MATERIAL PROVIDED:
───
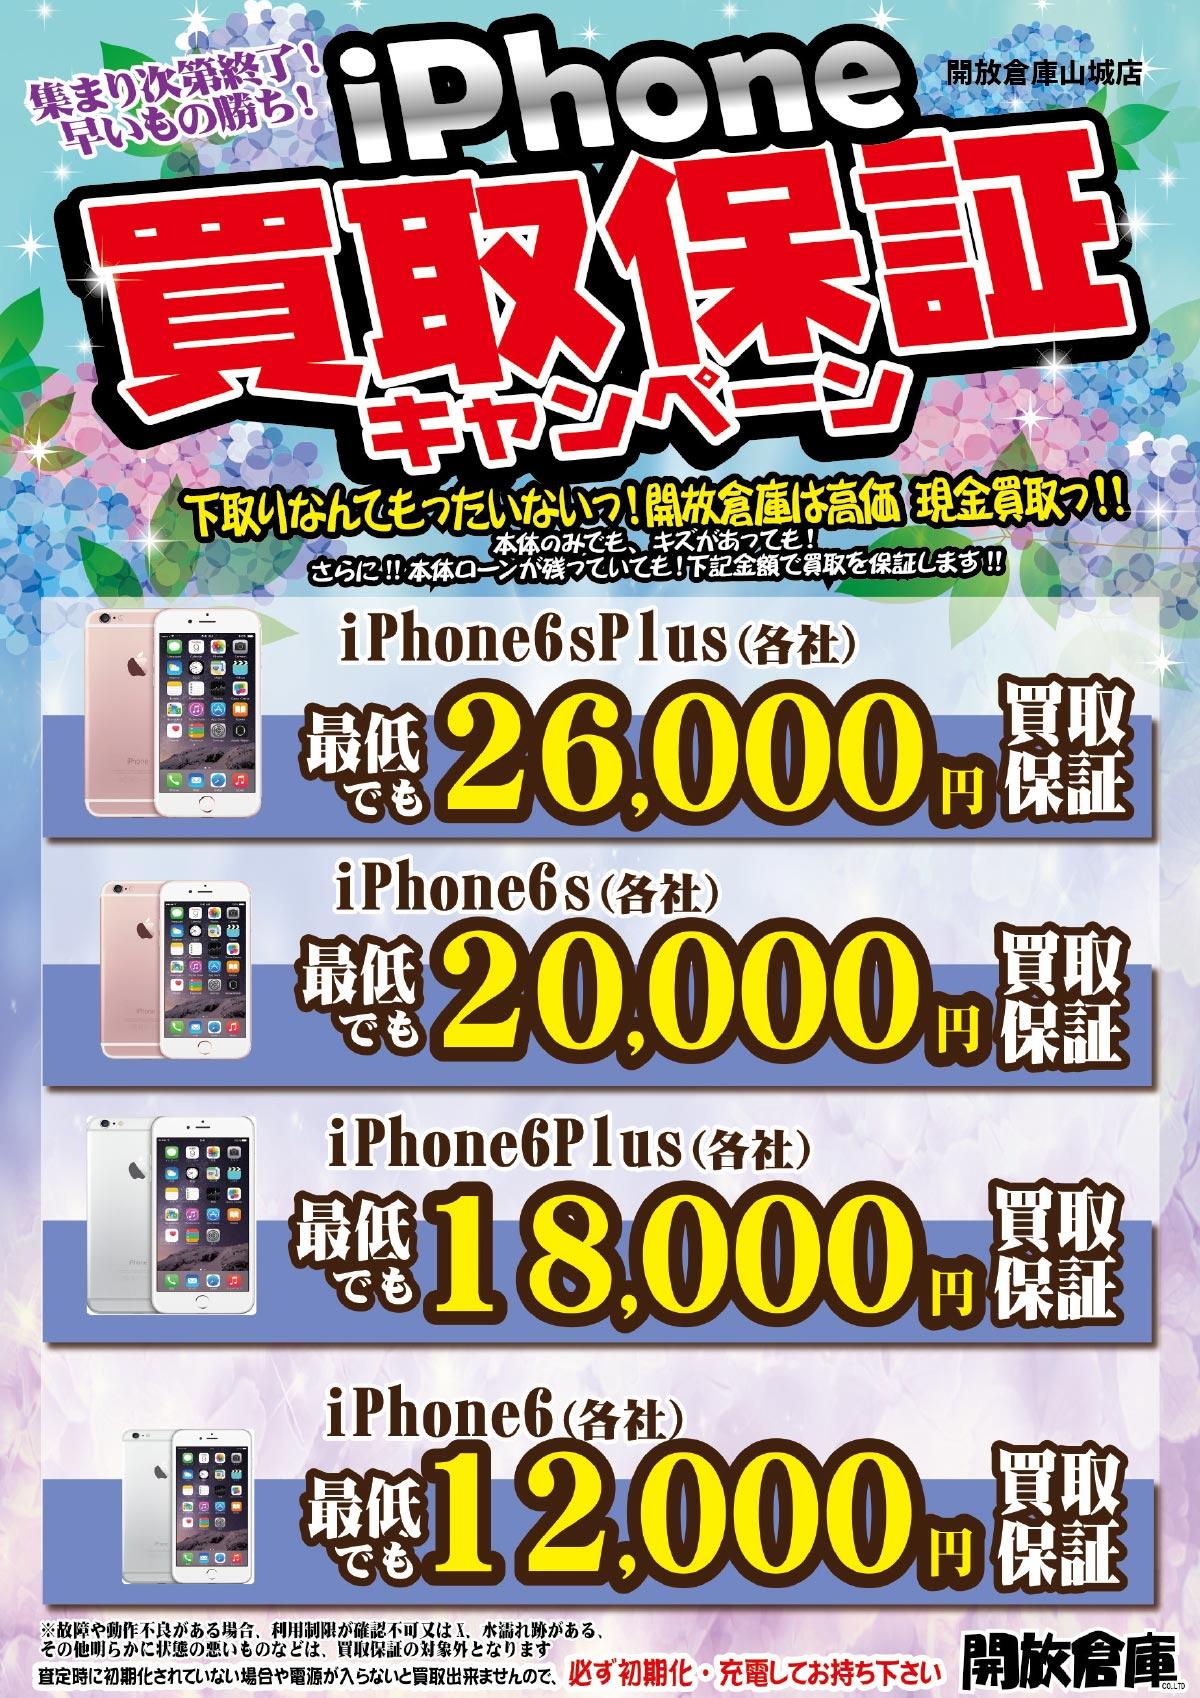 「開放倉庫山城店」2017年6月!集まり次第終了!!早いもの勝ちiPhone買取保証キャンペーン!!
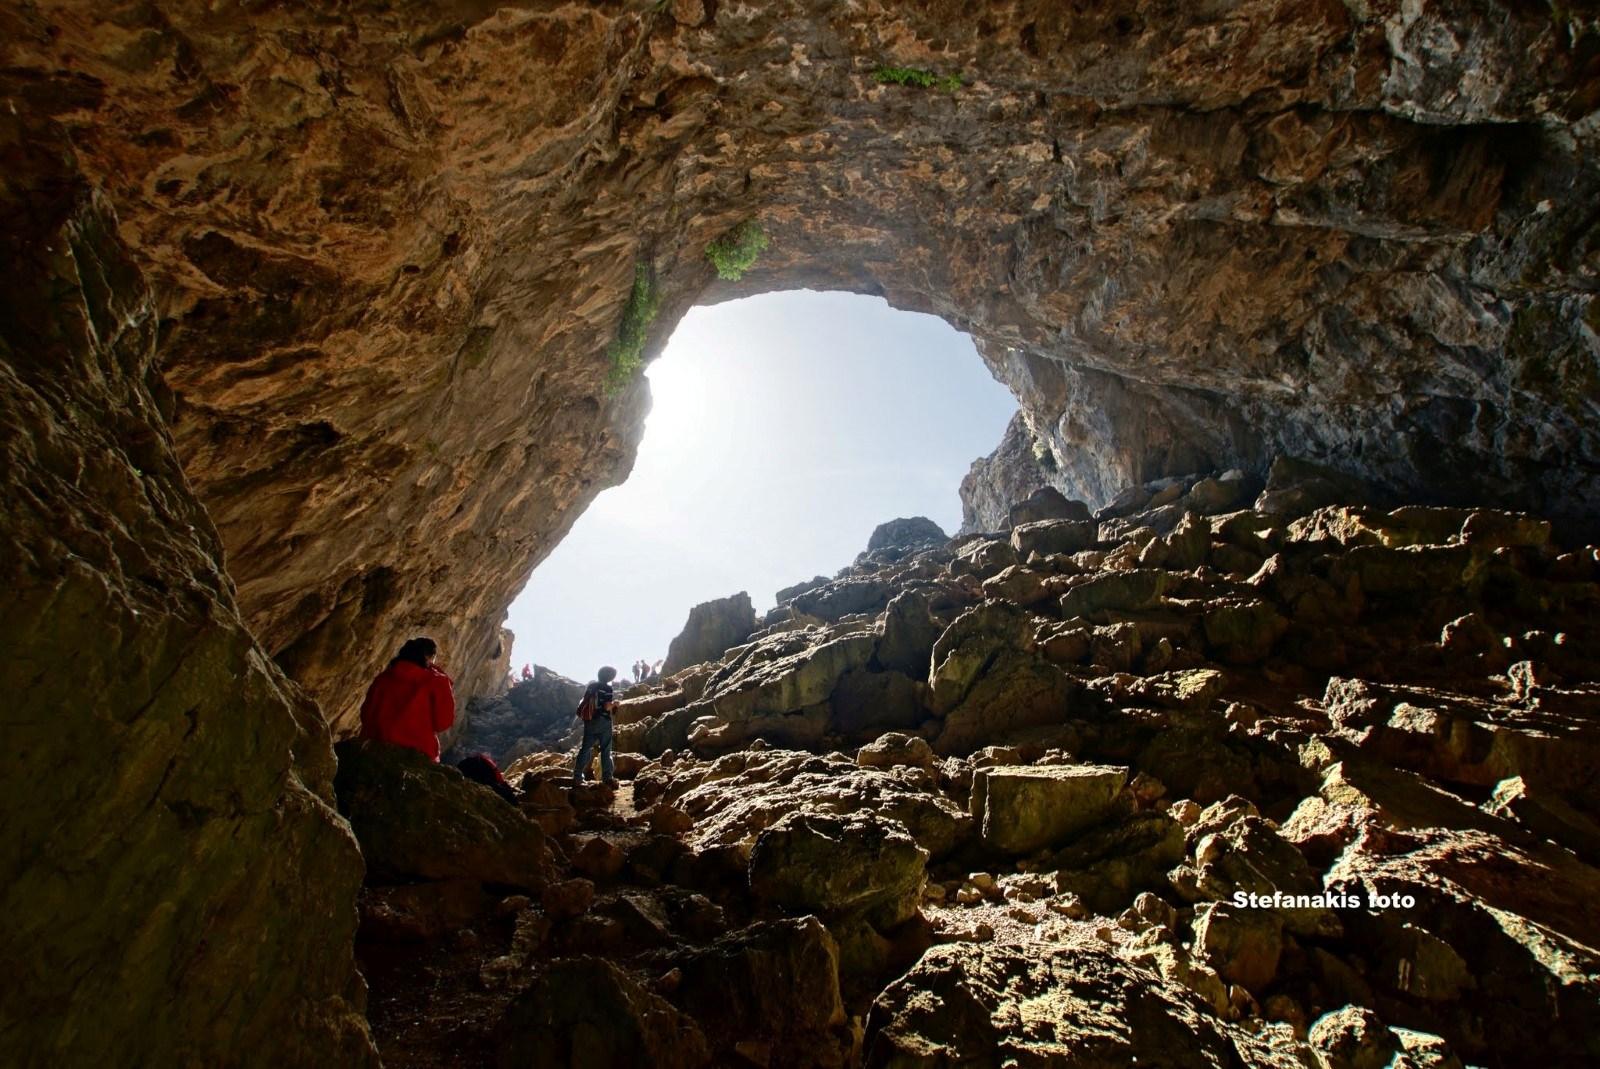 Το-εσωτερικό-του-σπηλαίου
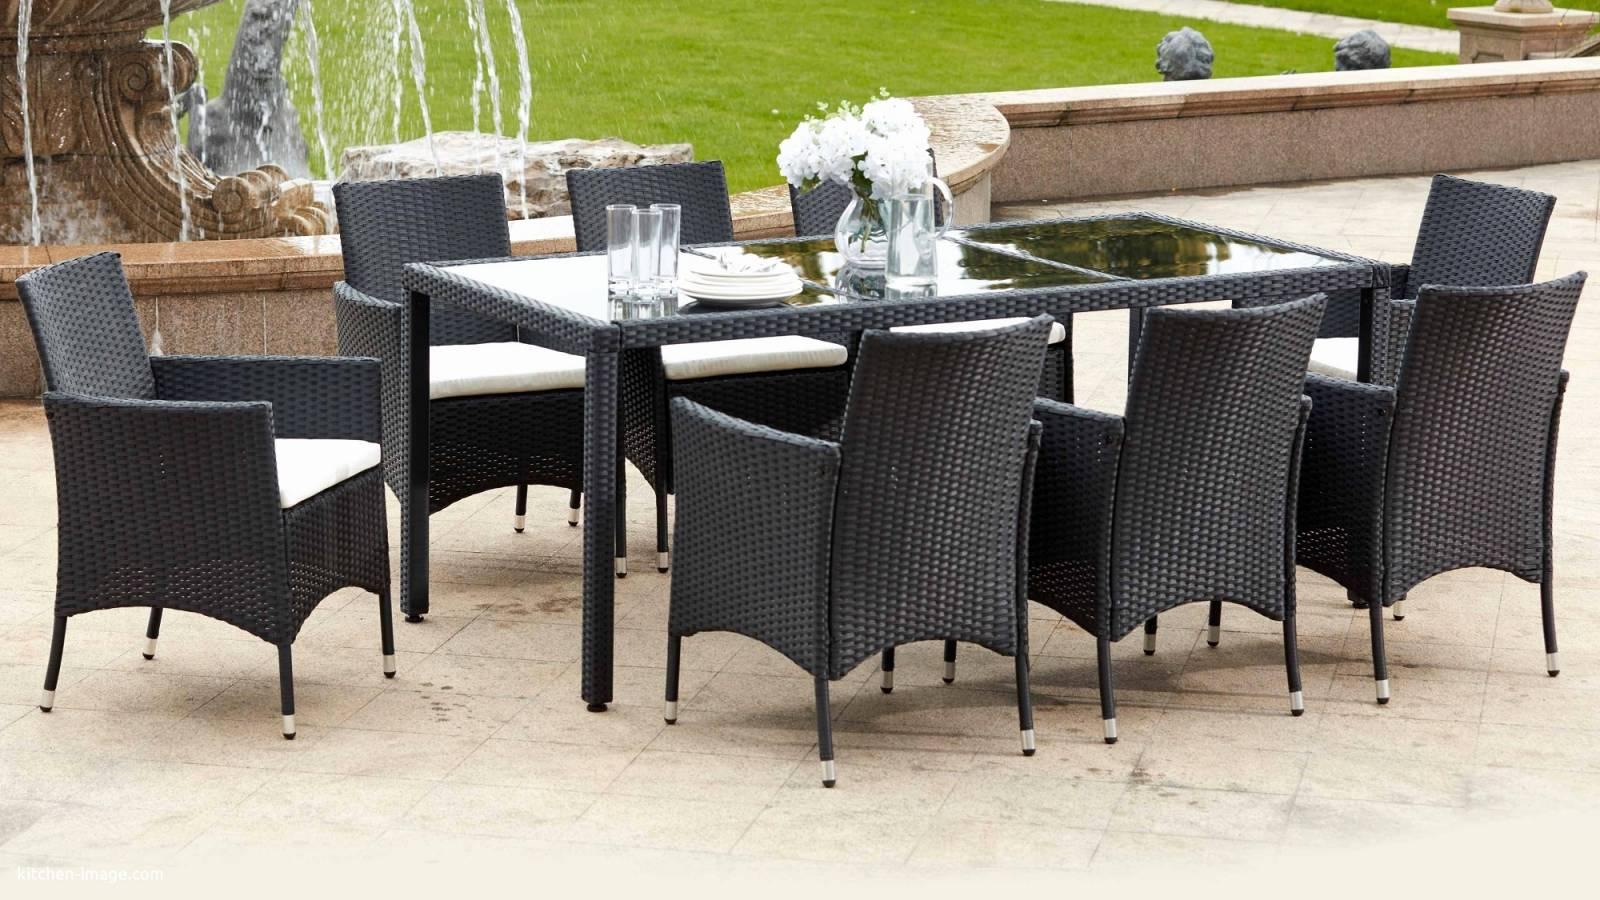 Vente De Salons De Jardin Pour Votre Terrasse Proche ... destiné Table De Jardin Bricomarché
───
PROBLEM REQUIREMENTS:
What you produce must match the listing word for word, with no images in it.

SOLUTION FOR THIS PROBLEM:
 「開放倉庫山城店」2017年6月!集まり次第終了!!早いもの勝ちiPhone買取保証キャンペーン!!
 Το-εσωτερικό-του-σπηλαίου
 Vente De Salons De Jardin Pour Votre Terrasse Proche ... destiné Table De Jardin Bricomarché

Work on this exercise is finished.